In der Zeit vom Herbst 2001 bis Februar 2002 interessierte ich mich besonders für die Andromedagalaxie M 31. In dieser Zeit trug ich viele Informationen und Bilder aus dem Internet zusammen. Aus den gesammelten Informationen erstellte ich eine schon recht umfangreiche Beschreibung von M 31.

Die Andromedagalaxie M 31 ist die uns am nächsten gelegene Galaxie, wenn man von einigen kleineren Begleitgalaxien des Milchstraßensystems einmal absieht (z. B. die beiden Magellanschen Wolken). M 31 ist 2,5 Millionen Lichtjahre von uns entfernt. Genau wie unser Milchstraßensystem ist M 31 eine flache Scheibe mit spiralförmiger Struktur die aus unzähligen Sternen besteht. Der Durchmesser dieser Scheibe beträgt etwa 250.000 Lichtjahre; damit ist die Andromedagalaxie fast doppelt so groß wie unser Milchstraßensystem mit 130.000 Lichtjahren Durchmesser!

Während in unserer Milchstraßensystem etwa 200 Milliarden Sterne vereint sind, wird die Anzahl aller Sterne in der Andromedagalaxie auf etwa 1 Billion geschätzt.

Die Andromedagalaxie erscheint uns unter einem flachen Winkel von etwa 12 Grad. Daher sehen wir sie mehr von der Seite und die Spiralarme sind kaum zu erkennen.
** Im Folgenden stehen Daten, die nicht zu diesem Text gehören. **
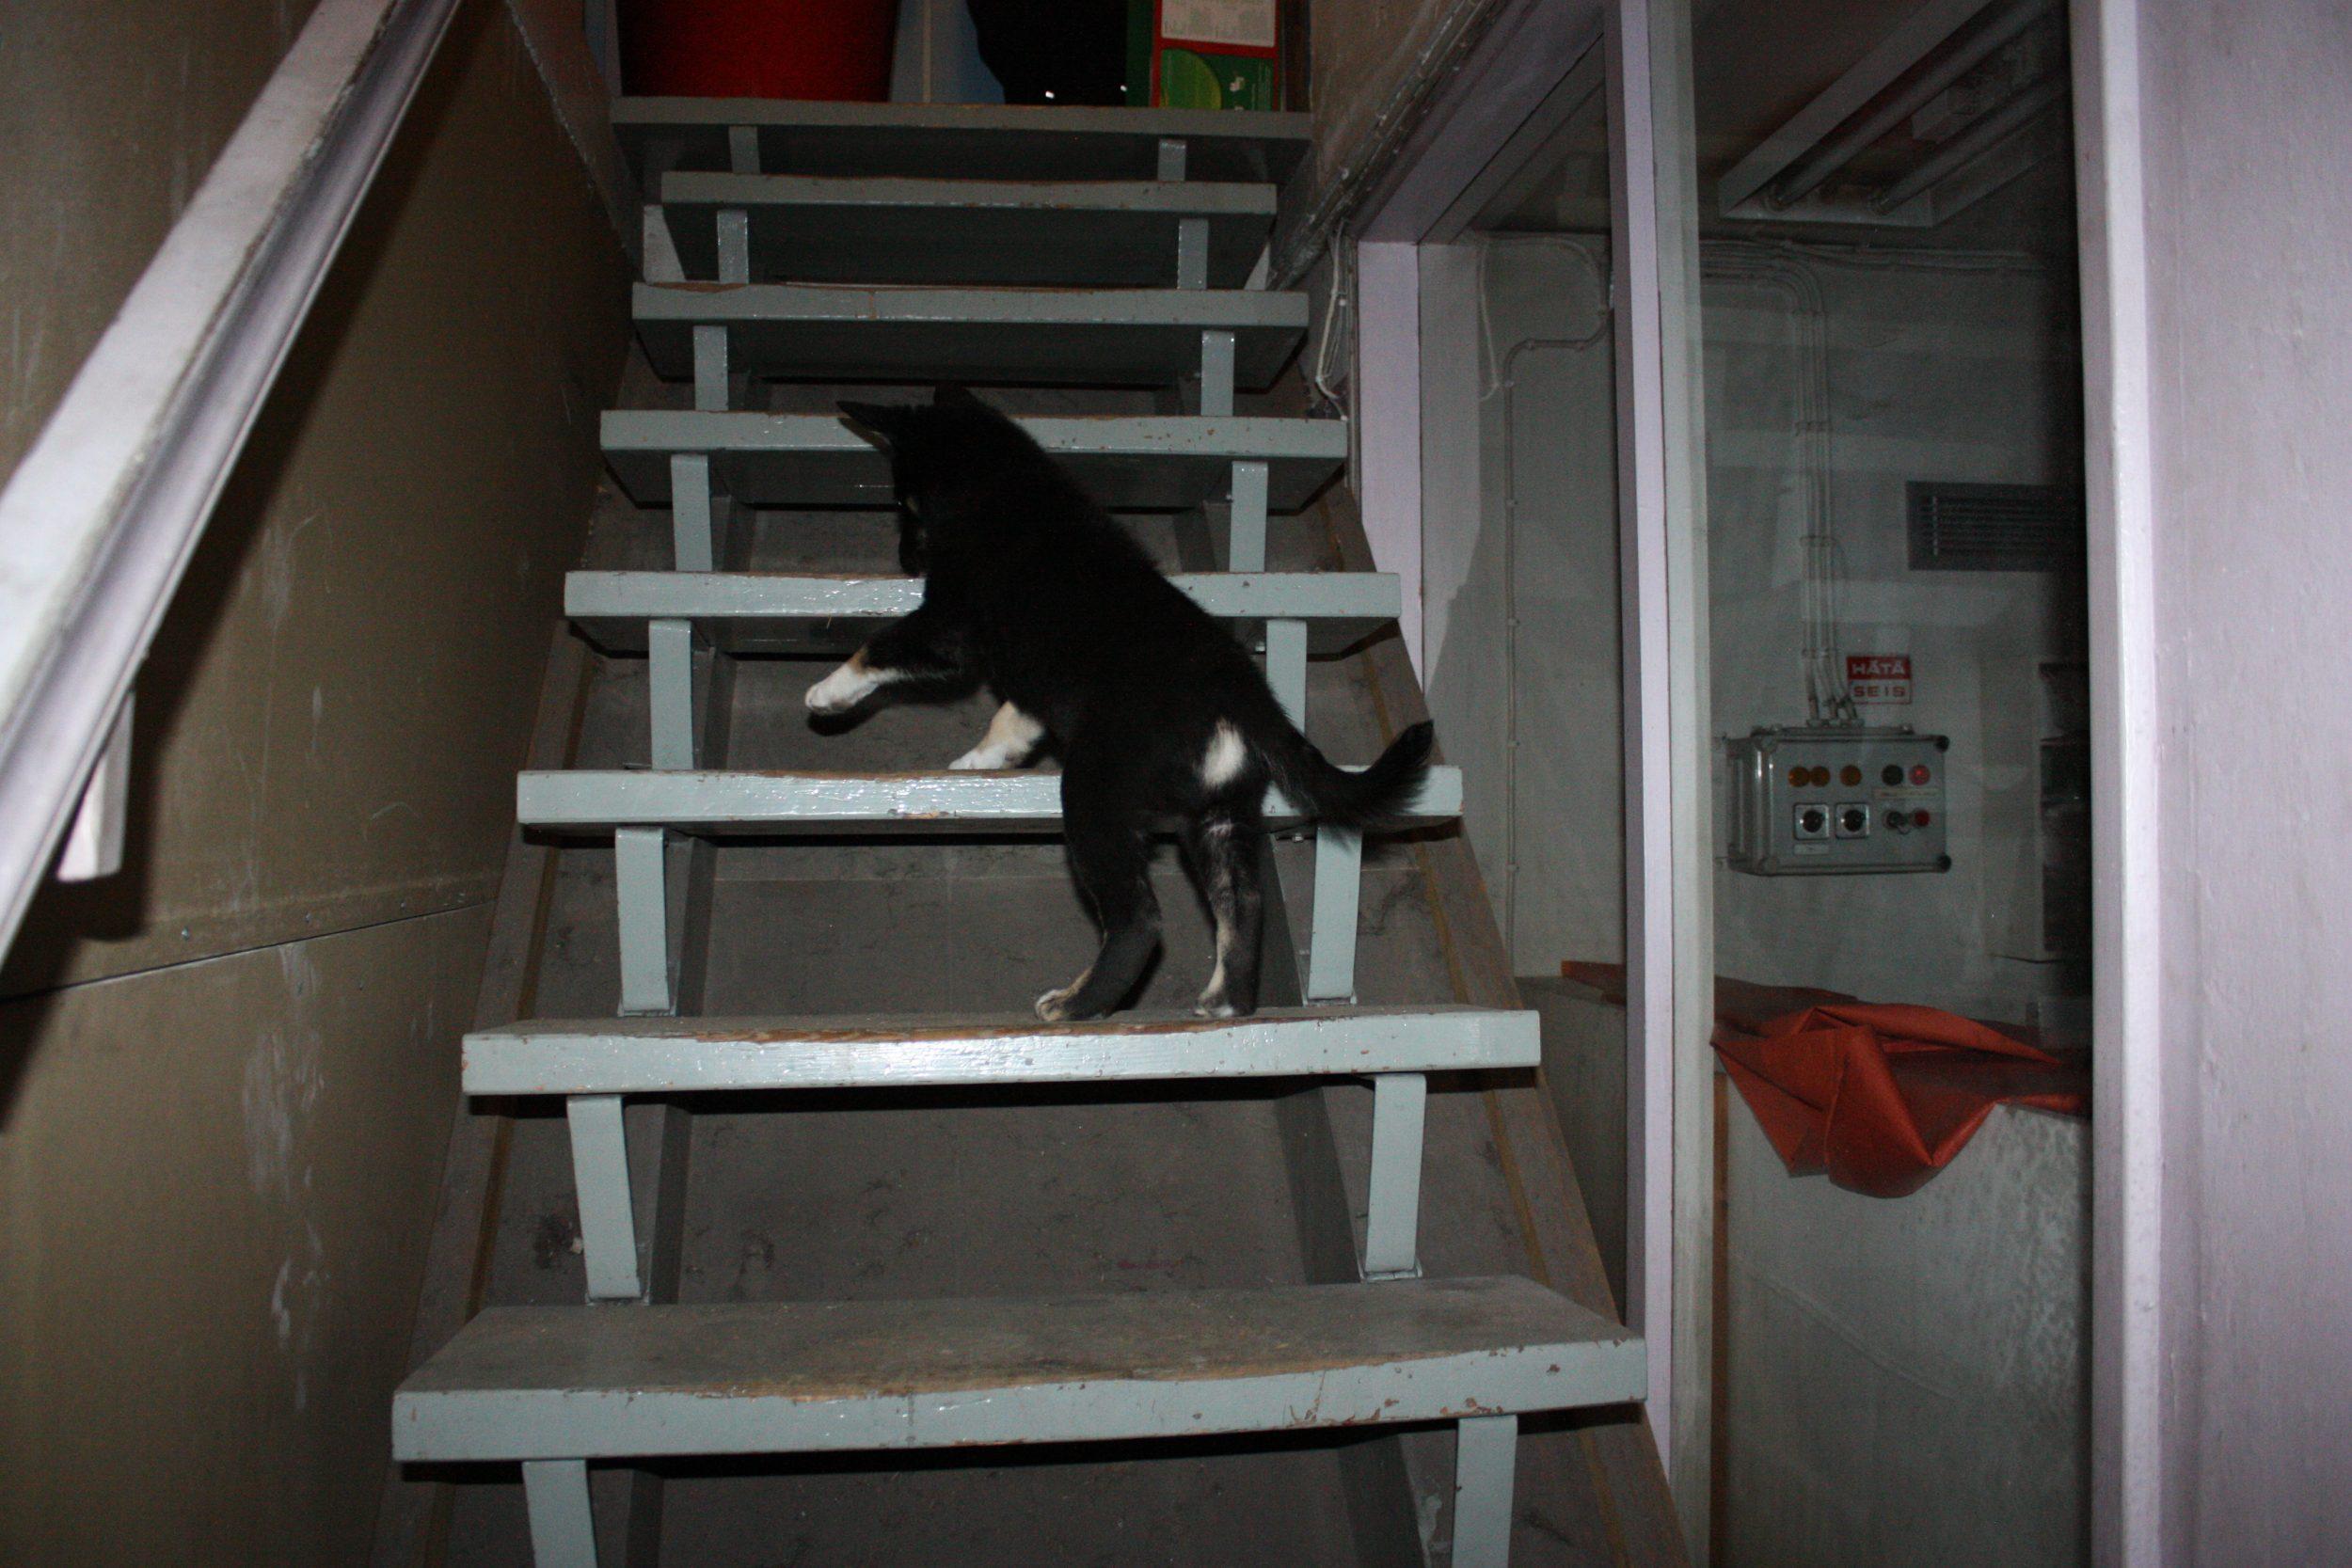 Pentukoulu etenee askel askeleelta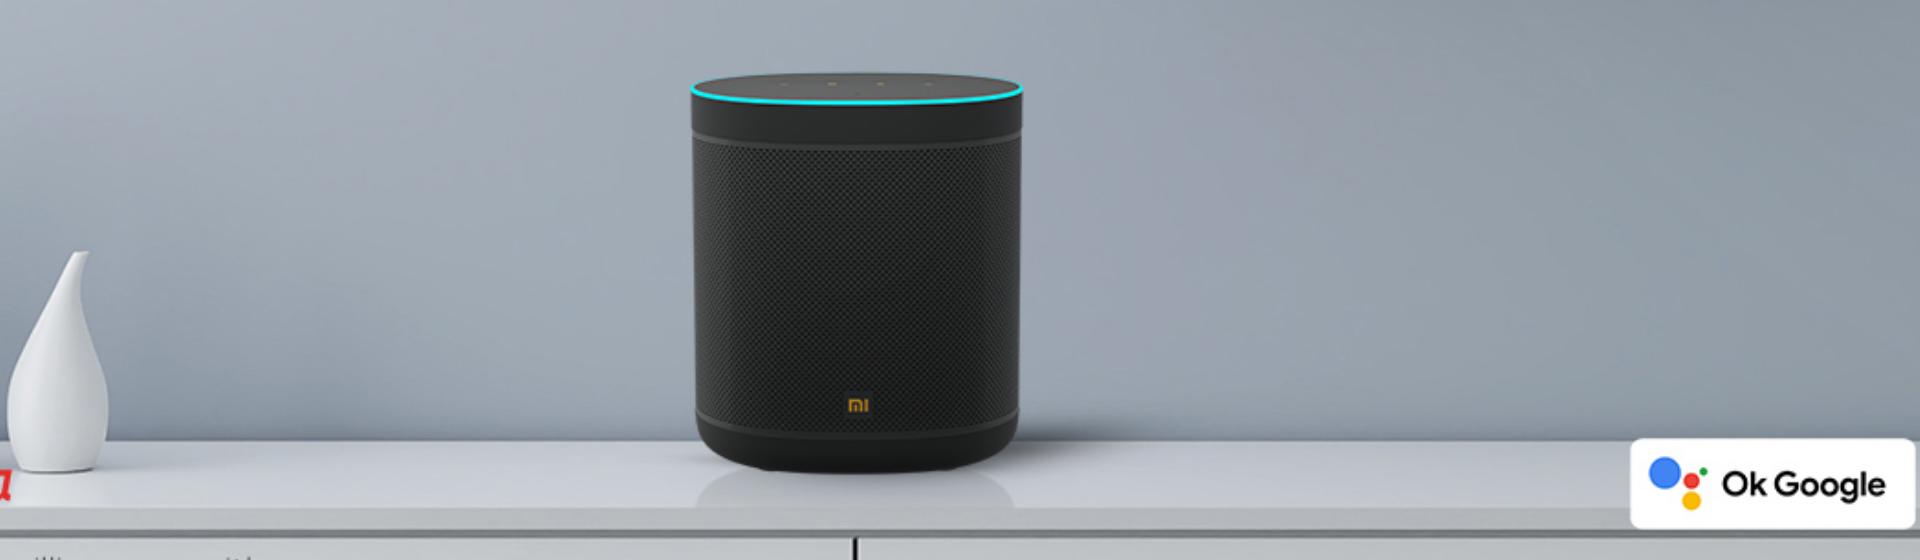 Mi Smart Speaker, da Xiaomi, é a nova aposta de smart speaker no Brasil

Stattdessen kann man einige der dunklen Staubbänder sehen.


m31.jpg

Die Andromedagalaxie M 31
Ausschnitt aus dem POSS (180 x 180′)
Quelle: Digitized Sky Survey


Wie alle Spiralagalaxien hat auch die Andromedagalaxie im Zentrum eine rundliche Verdickung - den sogenannten Bulge - der überwiegend aus roten und alten Sternen besteht, sowie eine ausgedehnte Scheibe aus Gas und Staub und zahllosen Sternen.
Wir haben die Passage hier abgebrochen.